--- WHAT THE EXERCISE ASKS ---
Output the listing word for word, minus pictures.

--- SUPPLIED INFORMATION ---

● ● ● ● ●

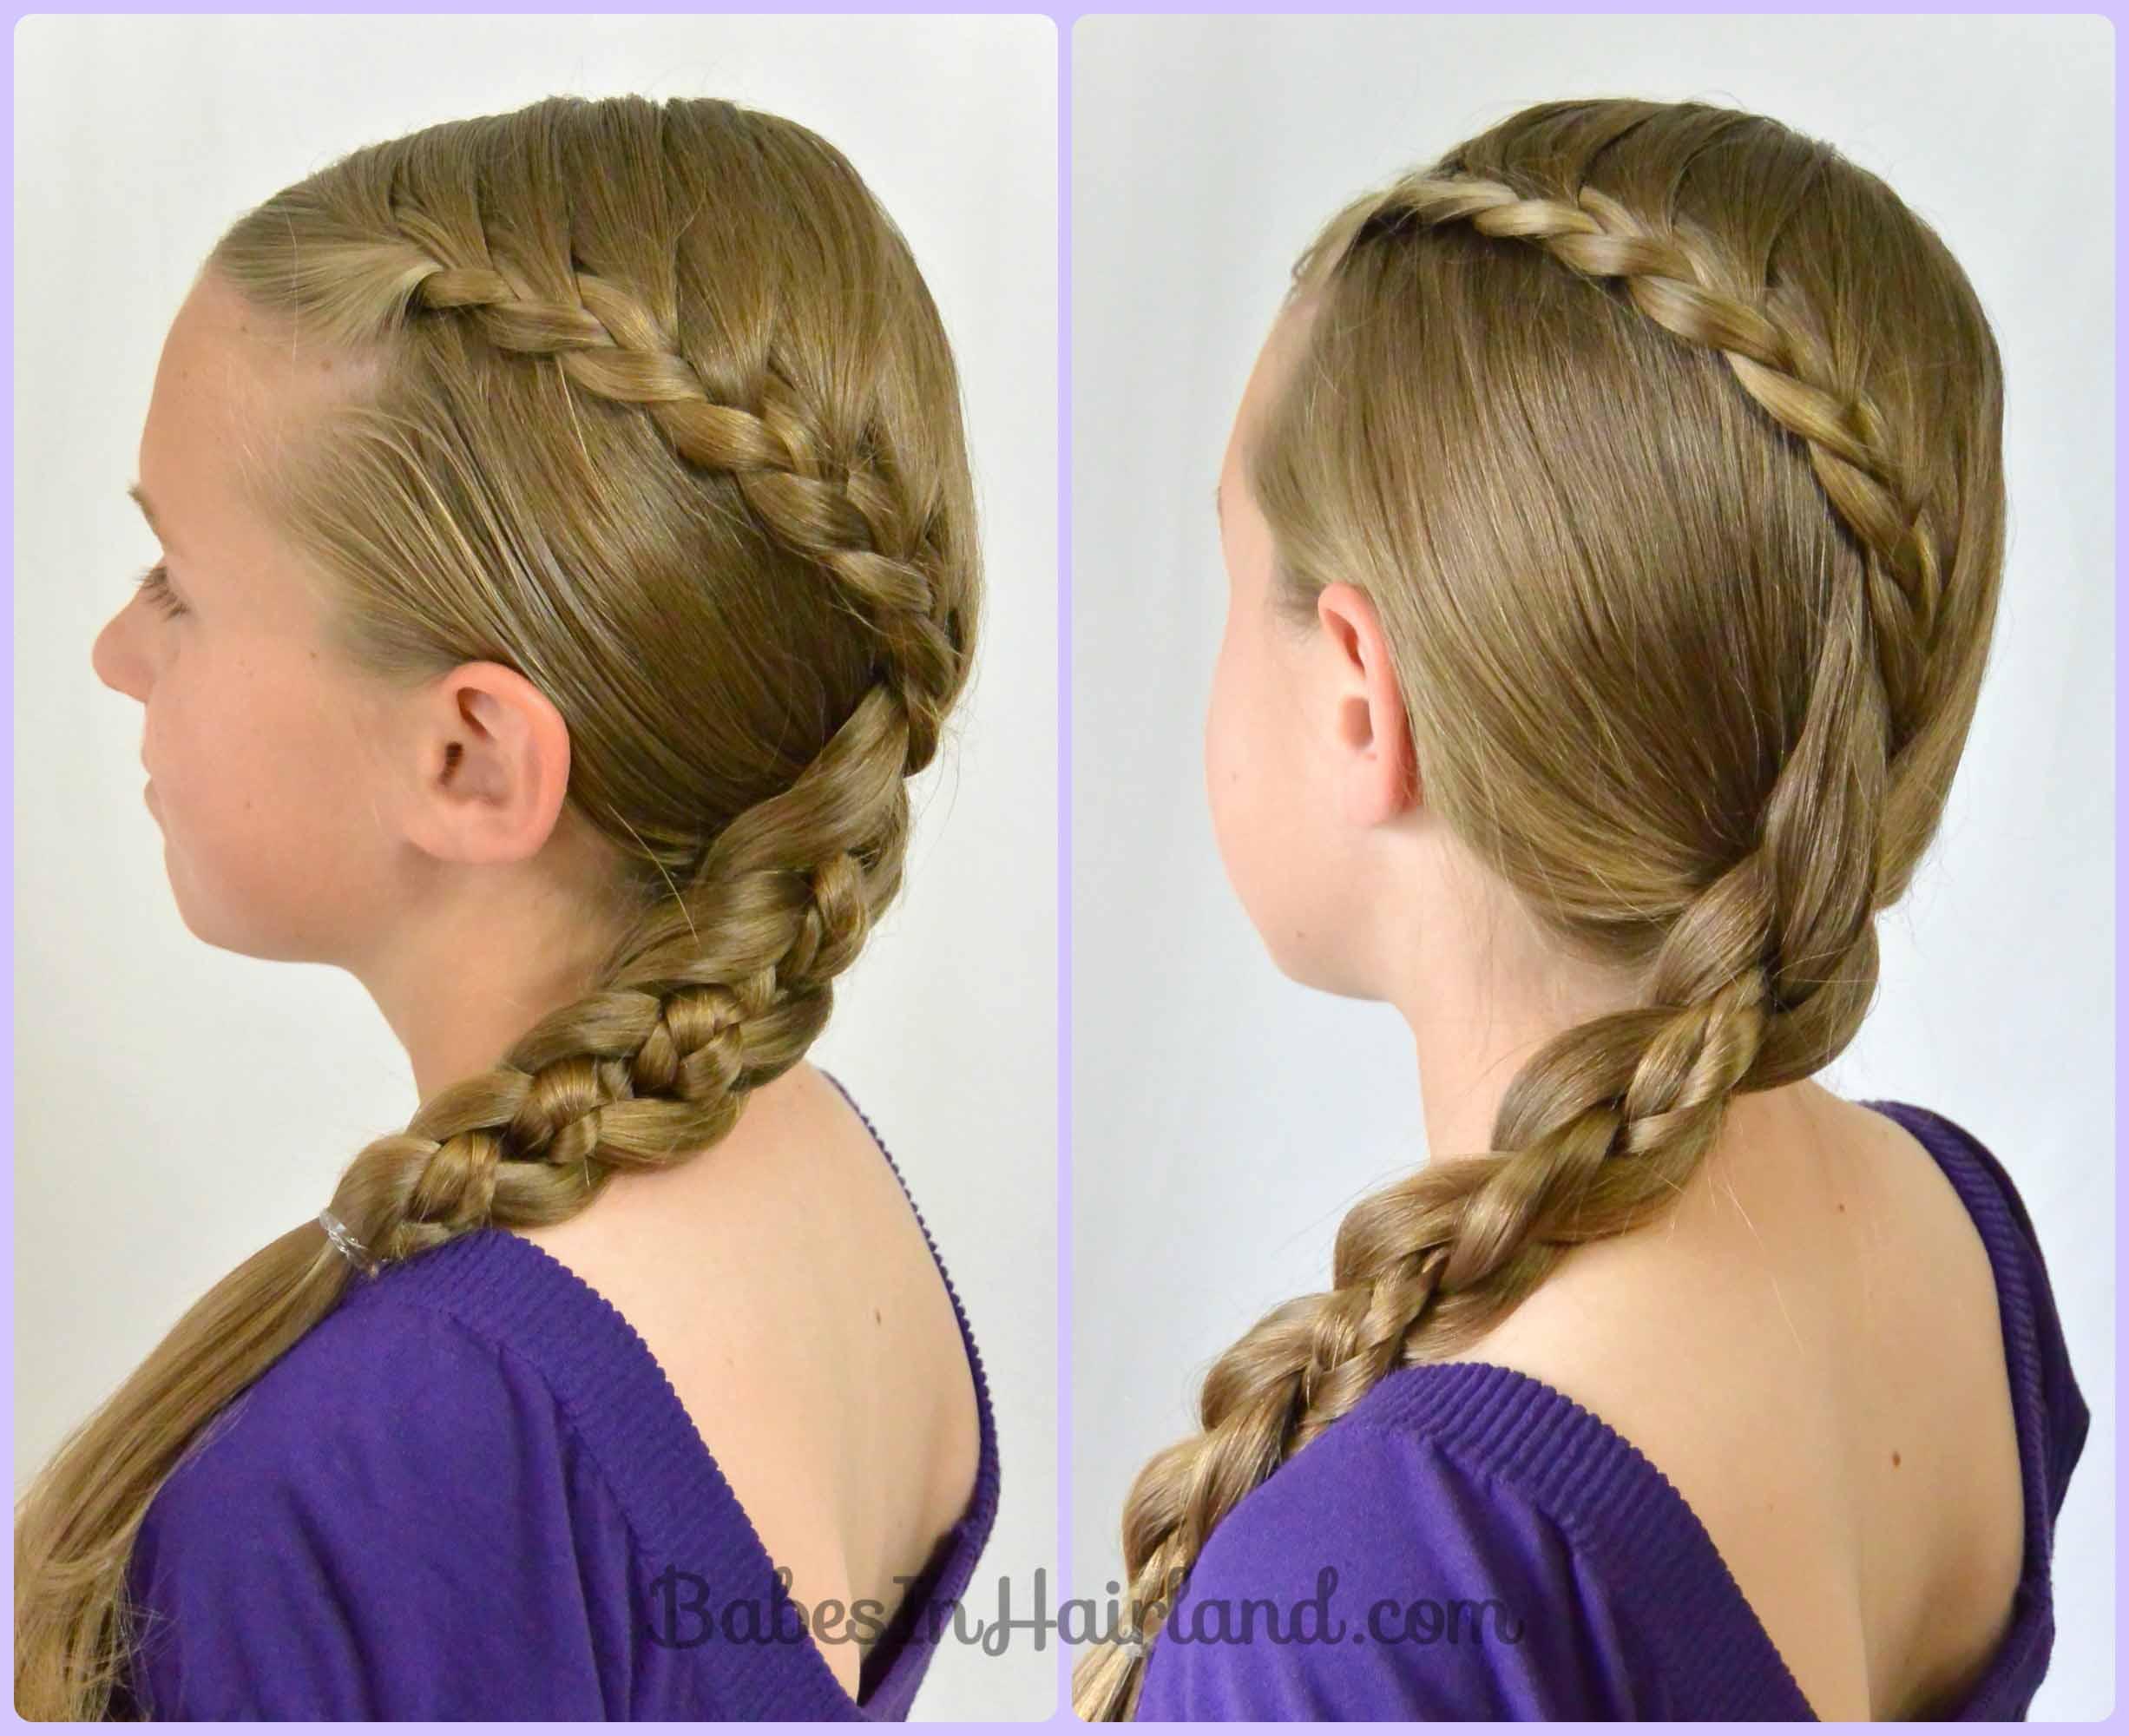 Enjoyable Lace Braid Into A 4 Strand Braid Babes In Hairland Short Hairstyles Gunalazisus
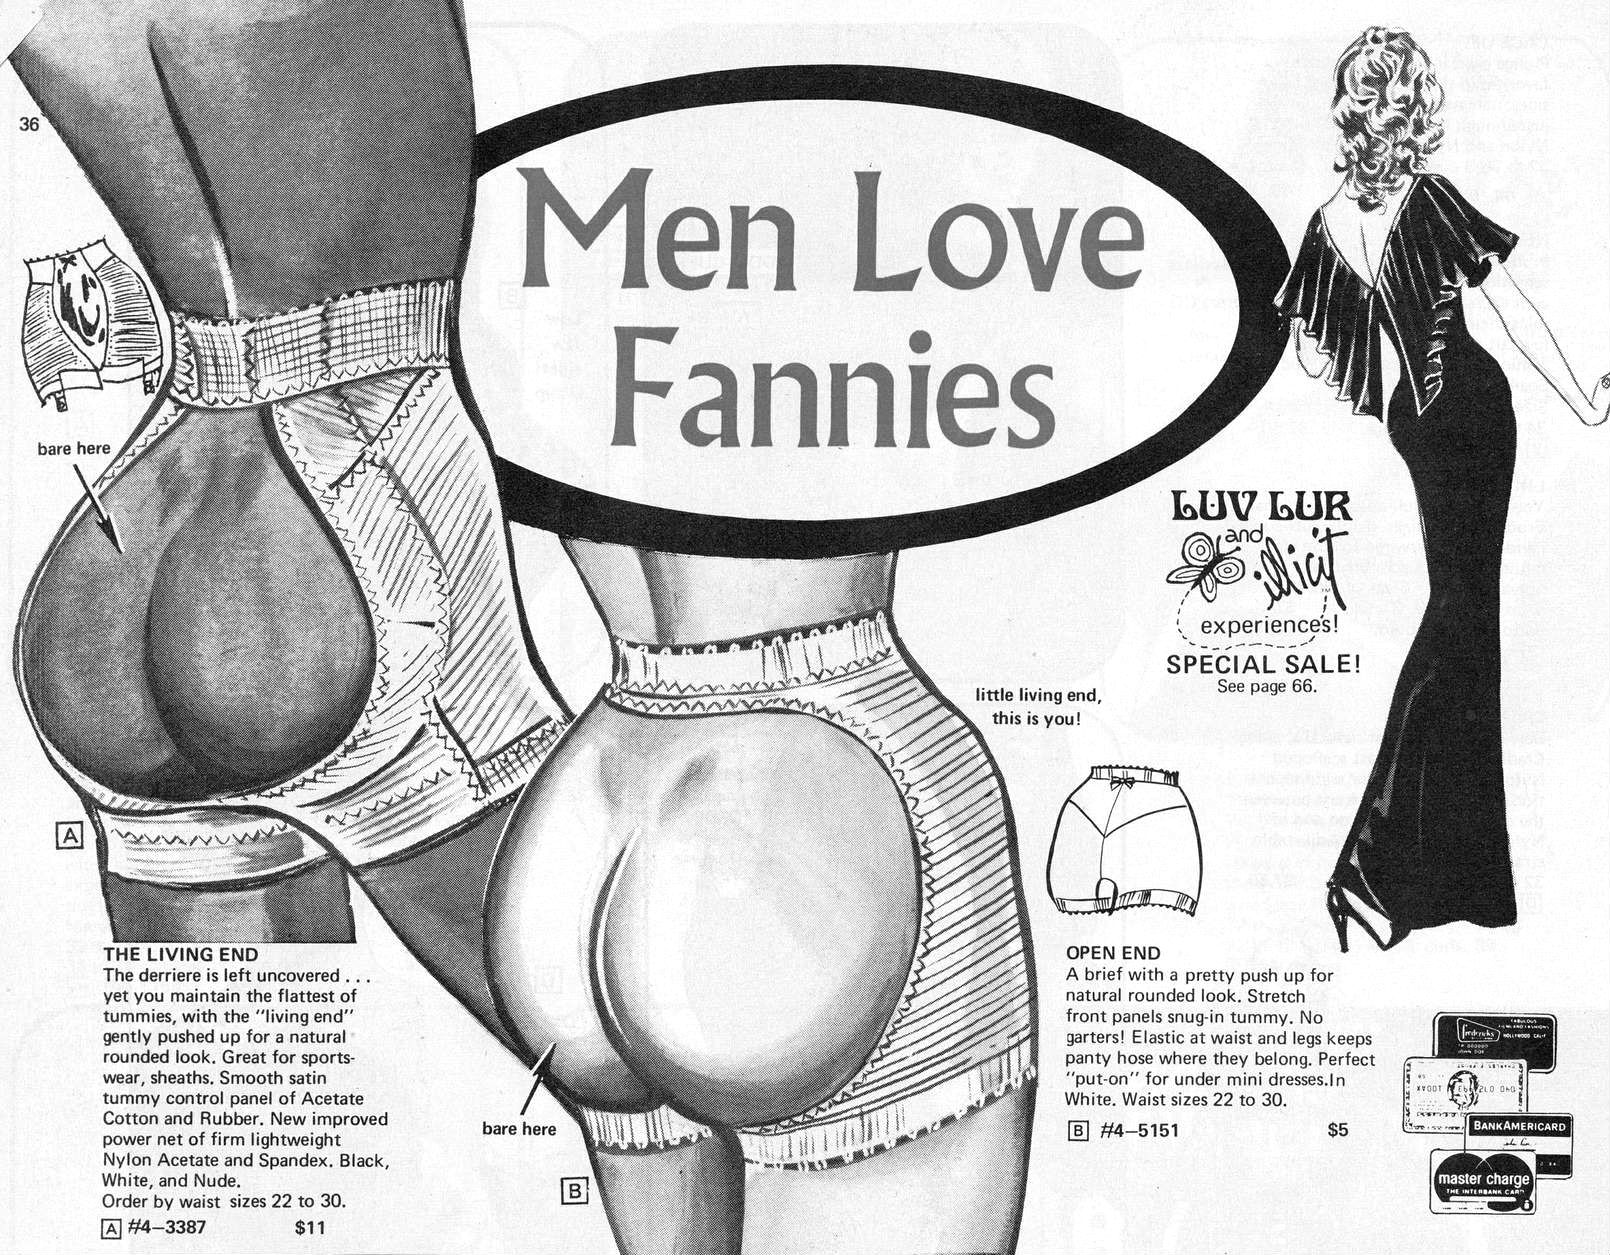 frederick's of holliwood vintage ad винтажная реклама нижнего белья
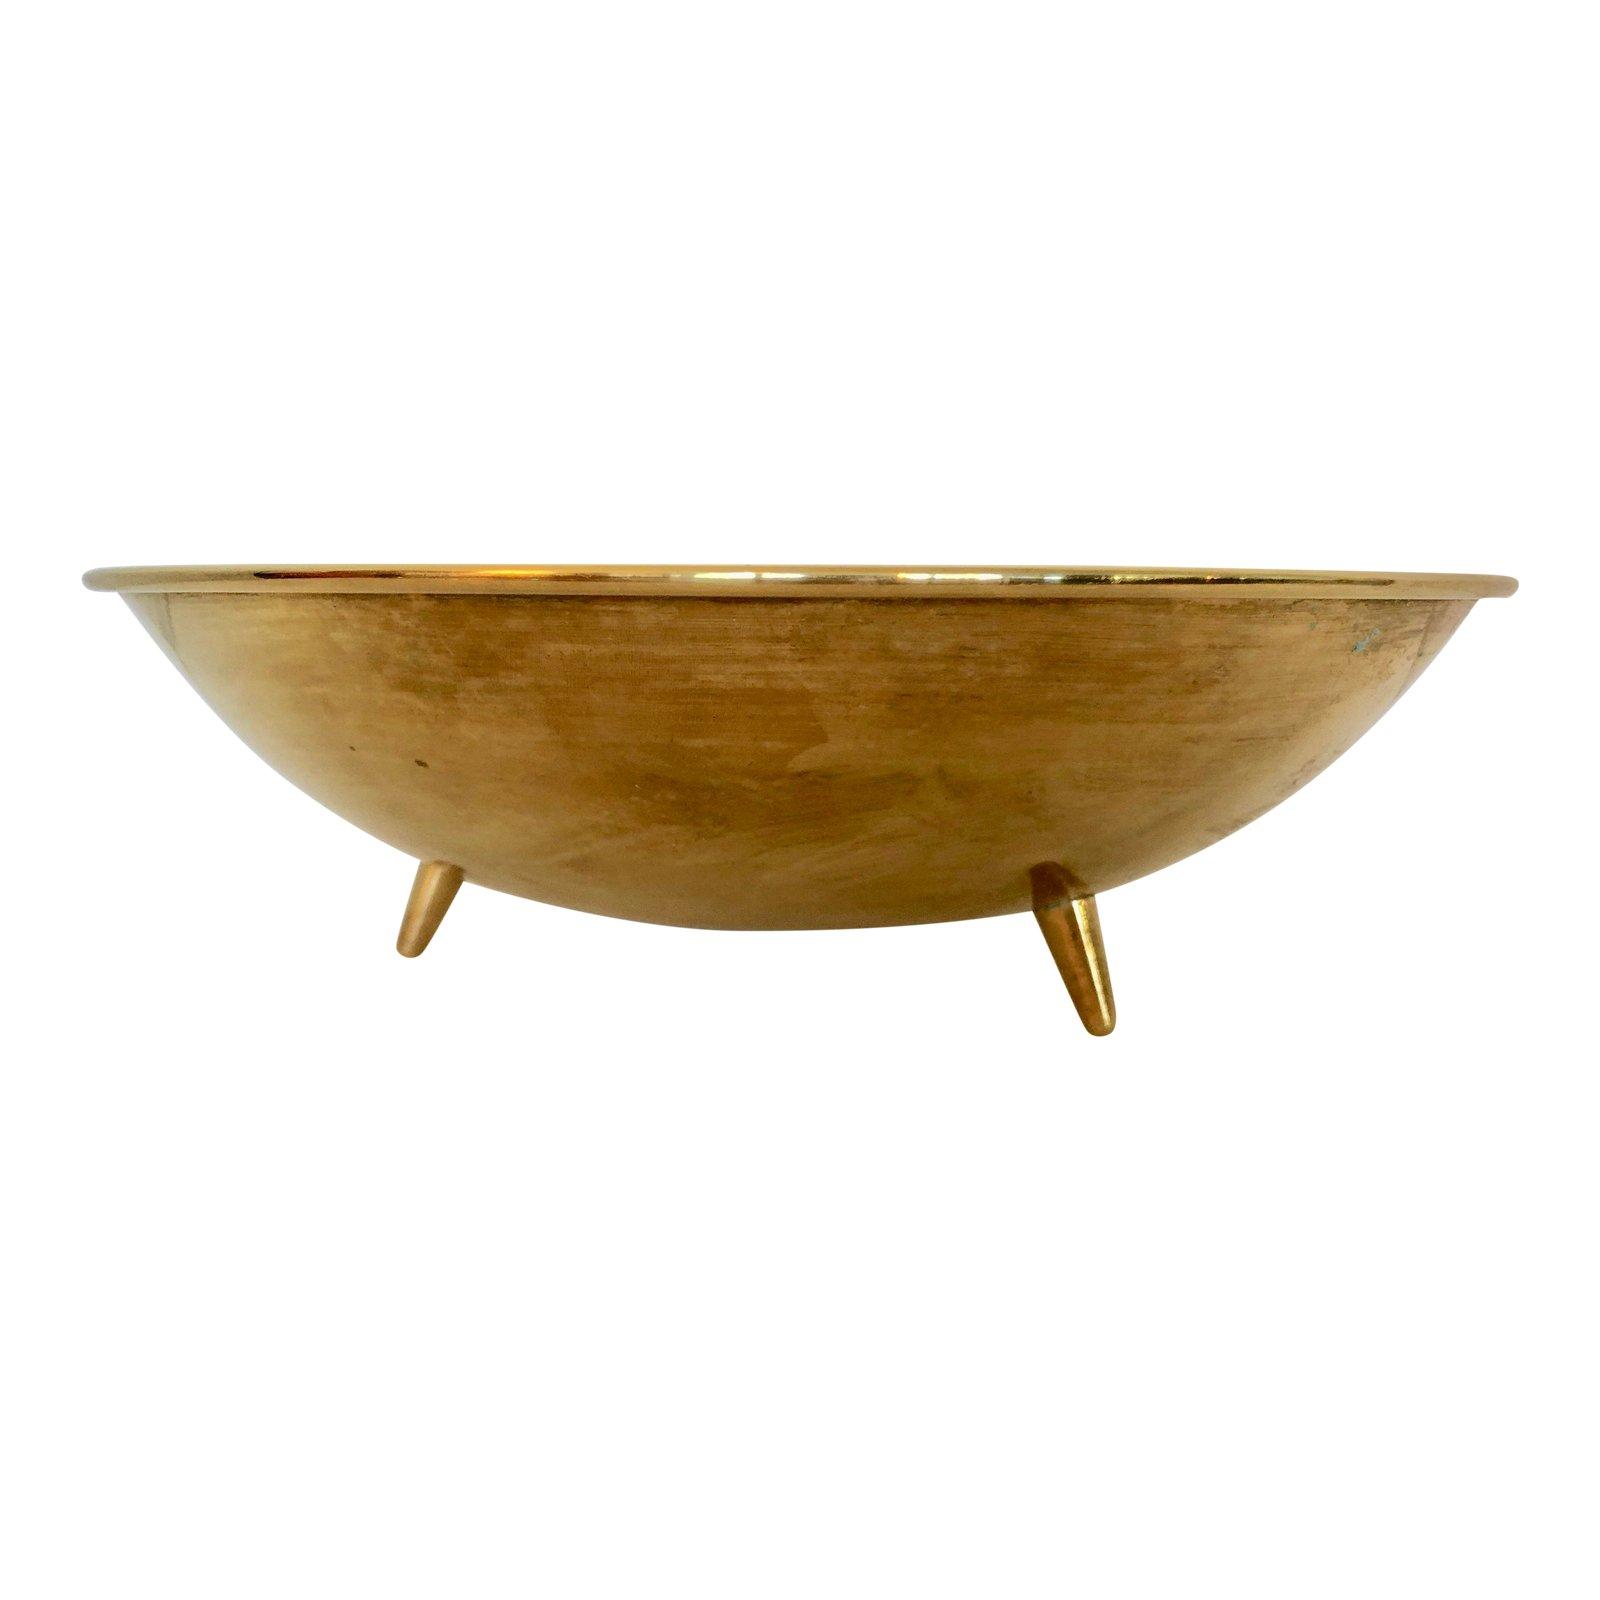 vintage-brass-centerpiece-bowl-6167.jpeg

● ● ● ● ●

--- TASK RESPONSE ---
 Enjoyable Lace Braid Into A 4 Strand Braid Babes In Hairland Short Hairstyles Gunalazisus
 frederick's of holliwood vintage ad винтажная реклама нижнего белья
 vintage-brass-centerpiece-bowl-6167.jpeg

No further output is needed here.